Not every hotel allows pets, but an increasing number are allowing guests to stay in a room with cats, dogs and other furry companions to cater to the 67% of U.S. households that own a pet. While pet-friendly policies are ideal for travelers who want to take their animals on their journeys, they can cause issues for allergy sufferers, as pet hair and dander can set of sneezing, itchy eyes and more.

​Best Practices for Keeping Allergy Symptoms at Bay

Allergies in hotels can compromise guest wellbeing and satisfaction. Incorporating the following best practices year-round can help your property maintain:

  • Prioritize good indoor air quality – Indoor air pollutants lead to poor indoor air quality (IAQ) and can aggravate allergy symptoms. These pollutants may include pollen, dust, cigarette smoke and pet dander. Carpet acts as a filter by trapping indoor pollutants, but should be vacuumed regularly.
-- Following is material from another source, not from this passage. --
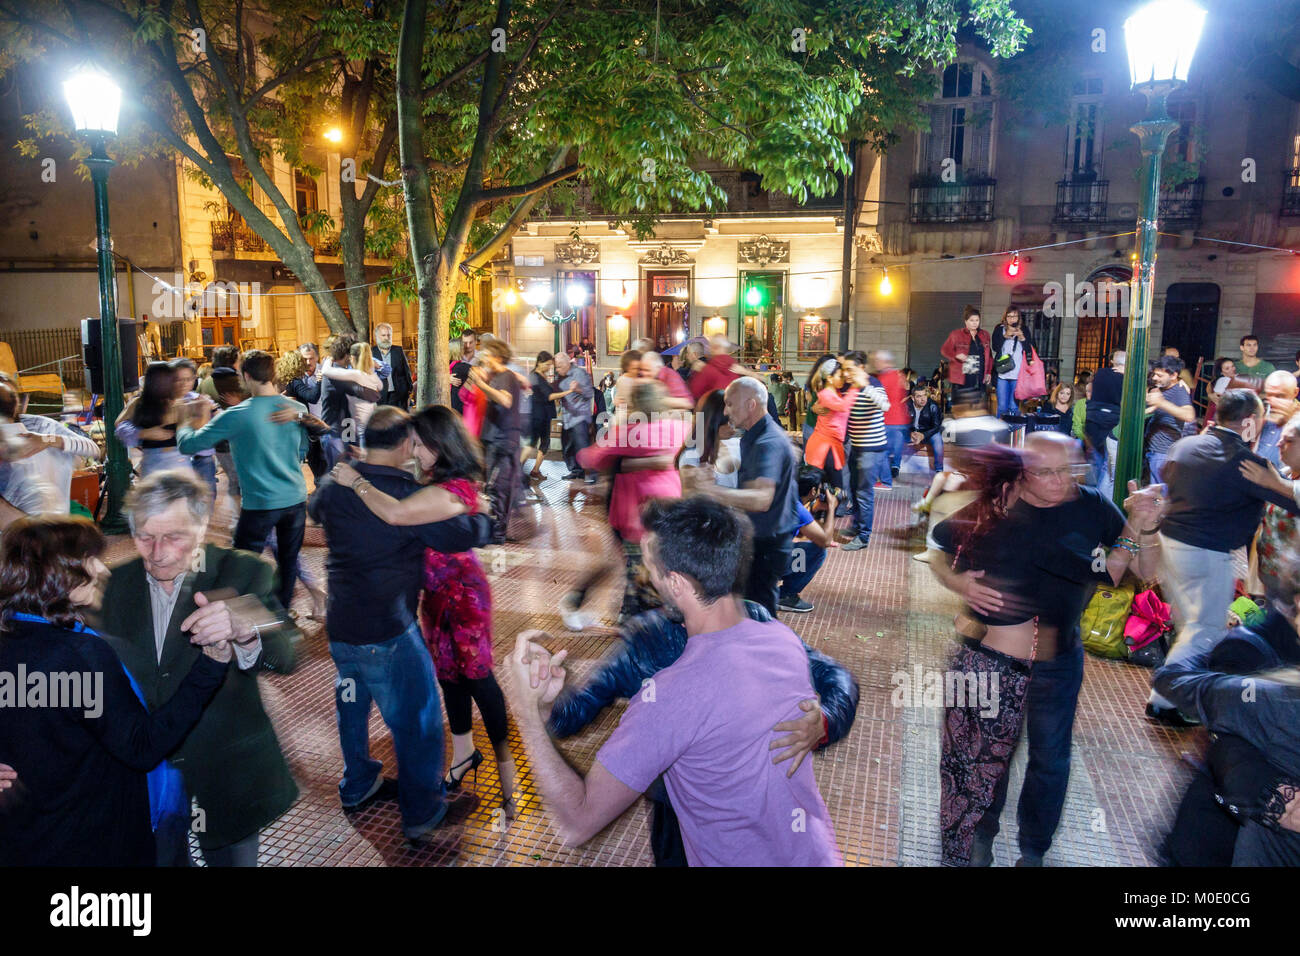 Buenos Aires Argentina,San Telmo,Plaza Dorrego,soirée de nuit,danseuses tango,danse,homme hommes,femme femmes,couple,audience,spectacle,hispanique Banque D'Images

Look for a machine that meets the Carpet and Rug Institute’s recommendations. Additionally, dust surfaces regularly to prevent buildup.

Proper ventilation and air cleaning are additional methods for lowering the concentration of pollutants and removing particles form the air, according to the United States Environmental Protection Agency.

  • Use non-fragranced cleaning products – There is a misconception that if you cannot smell cleaning products when you walk into a room, the space is not clean. However, cleanliness does not actually have a fragrance associated with it. We have simply come to accept that strong chemicals with citrus, pine or other fragrances are required for achieving cleanliness.

Unfortunately, many people are sensitive or even allergic to certain fragrances. Thus, it is best to avoid them in your cleaning program at all costs. Whether it is a surface cleaner or carpet cleaning chemistry, look for products that can effectively clean without the use of added perfumes.

  • Contain pets to specific rooms and areas – Many people who live with animals are not bothered by pet fur and dander. However, someone with allergies most certainly will. Because of this, it is a good idea to have rules regarding where pets can wander in your facility. Will they be allowed to accompany their owner in the lobby or at an outdoor seating area? Can they walk on their leash in a hallway? Perhaps you have a policy that pets must remain in a guest’s room at all times. You may even consider having hypoallergenic rooms that do not allow pets, and having other rooms designated for cats, dogs or other animals. Whatever you determine is best for your hotel, it is best to vacuum carpet and rugs, and use a low-moisture encapsulation system to clean away any lingering stains once a guest and his or her pet has checked out.

Ensuring Guest Satisfaction Year Round

Hotels aim to be welcoming places for rest and relaxation. With so much competition in the marketplace, properties must do everything possible to give guests a five-star experience. This not only ensures repeat bookings, but can encourage family, friends, colleagues or even those who read a guest’s online review to make a reservation for a future business trip or vacation.

Hotel room allergies can be detrimental to a guest’s experience. By following the above best practices regarding indoor air quality, cleaning chemical ingredients and pet policies, hotel managers and housekeeping teams can do their part to satisfy guests’ needs, including the many people who suffer from allergies during the year.